Хильдегрин прочистил горло, сплюнул.
- Ладно, с этим покончено. Мы вроде как сделали для нее все, что могли.
Так вот что я скажу: давайте-ка приступим к делу, ради которого собрались.
Как ты сказала, кумеана, совсем неплохо, что эти трое здесь объявились. Я
получил весточку, и они друзья Повелителя Листьев - прямо как я. Армигер
поможет мне словить этого Апу-Пунхау. Моих-то двух парней убили по дороге.
Так что может помешать нам действовать?
- Ничего, - пробормотала кумеана. - Звезда восходит.
Доркас сказала:
- Если мы должны в чем-то тебе помогать, то хоть скажи, что ты
собираешься делать.
- Вернуть прошлое, - торжественно объявил Хильдегрин. - Вернуть мир во
времена величия старого Урса. На этом самом месте, где мы сейчас сидим,
жил некто, знавший много важного для нашего дела. Вот я и собираюсь добыть
его. Это будет высшей точкой, если можно так выразиться, карьеры, которую
знающие люди и так уже считают очень и очень впечатляющей.
Я спросил:
- Так ты собираешься вскрыть гробницу? Но ведь даже с помощью
альзабо...
Кумеана протянула руку и отерла лоб Иоленты.

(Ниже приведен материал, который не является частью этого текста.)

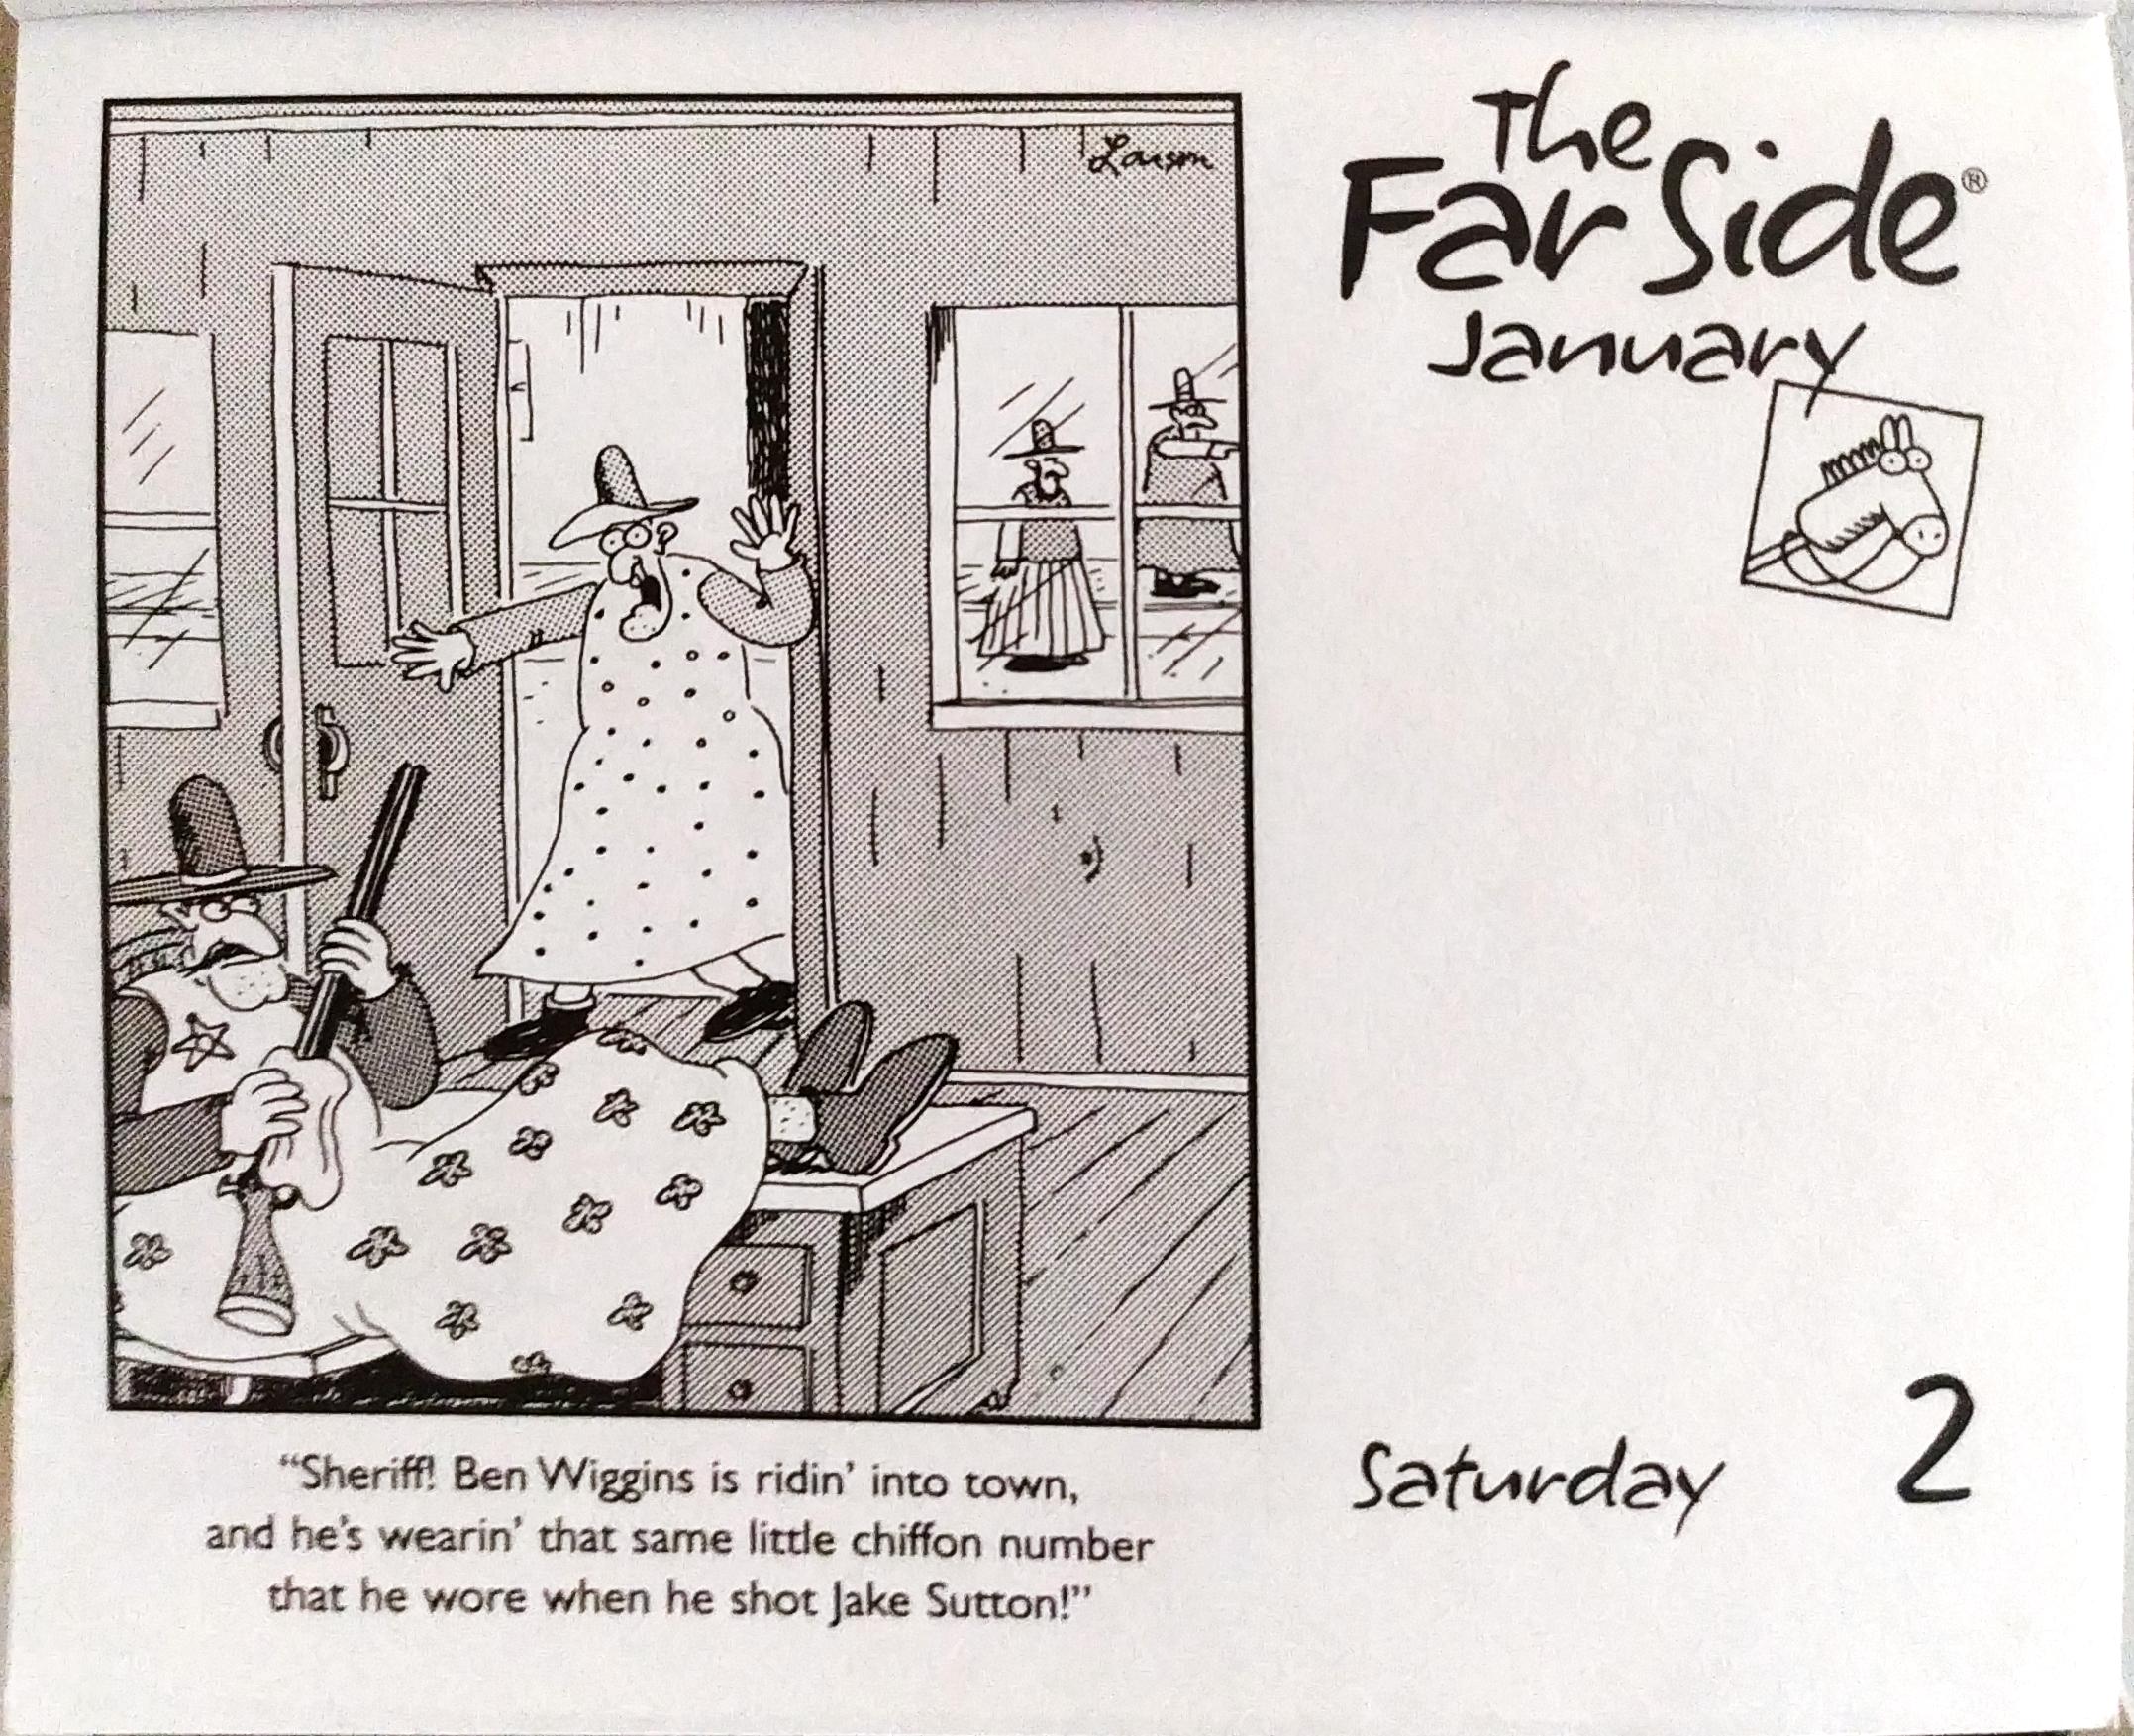 the-far-side-calendar-january-2nd-2021-scrolller

- Можно назвать это гробницей, но не его. Скорее это был его дом.
- Видишь ли, как все получилось, - стал объяснять Хильдегрин. - Я
оказывал этой шатлене кой-какие услуги, если можно так выразиться. Не раз
и не два. В конце концов я решил, что мне пора пожинать плоды. Будь
уверен, я посвятил Хозяина Леса в свой нехитрый план. И вот мы здесь. Я
заметил:
- Мне дали понять, что кумеана служит Отцу Иниру.
- Но долги-то надо платить, - самодовольно усмехнулся Хильдегрин. - Как
подобает достойным людям. А потом, необязательно быть столь мудрой
женщиной, чтобы понимать, как мудро иметь нескольких друзей на другой
стороне, особенно на случай, если другая сторона выиграет.
Доркас обратилась к кумеане:
- Кто такой был этот Апу-Пунхау и почему его дворец все еще стоит,
когда от остального города остались одни руины?
Старуха промолчала. Вместо нее ответила Меррин:
- Его имя не упоминается в легендах, а потому даже ученые ничего о нем
не знают. Мать говорила нам, что "Апу-Пунхау" означает "Глава Дня". В
древнейшие зоны он появлялся в этих краях и открывал людям много
удивительных тайн. Он часто исчезал, но всегда возвращался. Но настало
время, когда он не вернулся, и тогда захватчики разрушили его города.
Теперь мы вернем его в последний раз.
- Без помощи колдовства?
Кумеана взглянула на Доркас глазами, сиявшими как звезды.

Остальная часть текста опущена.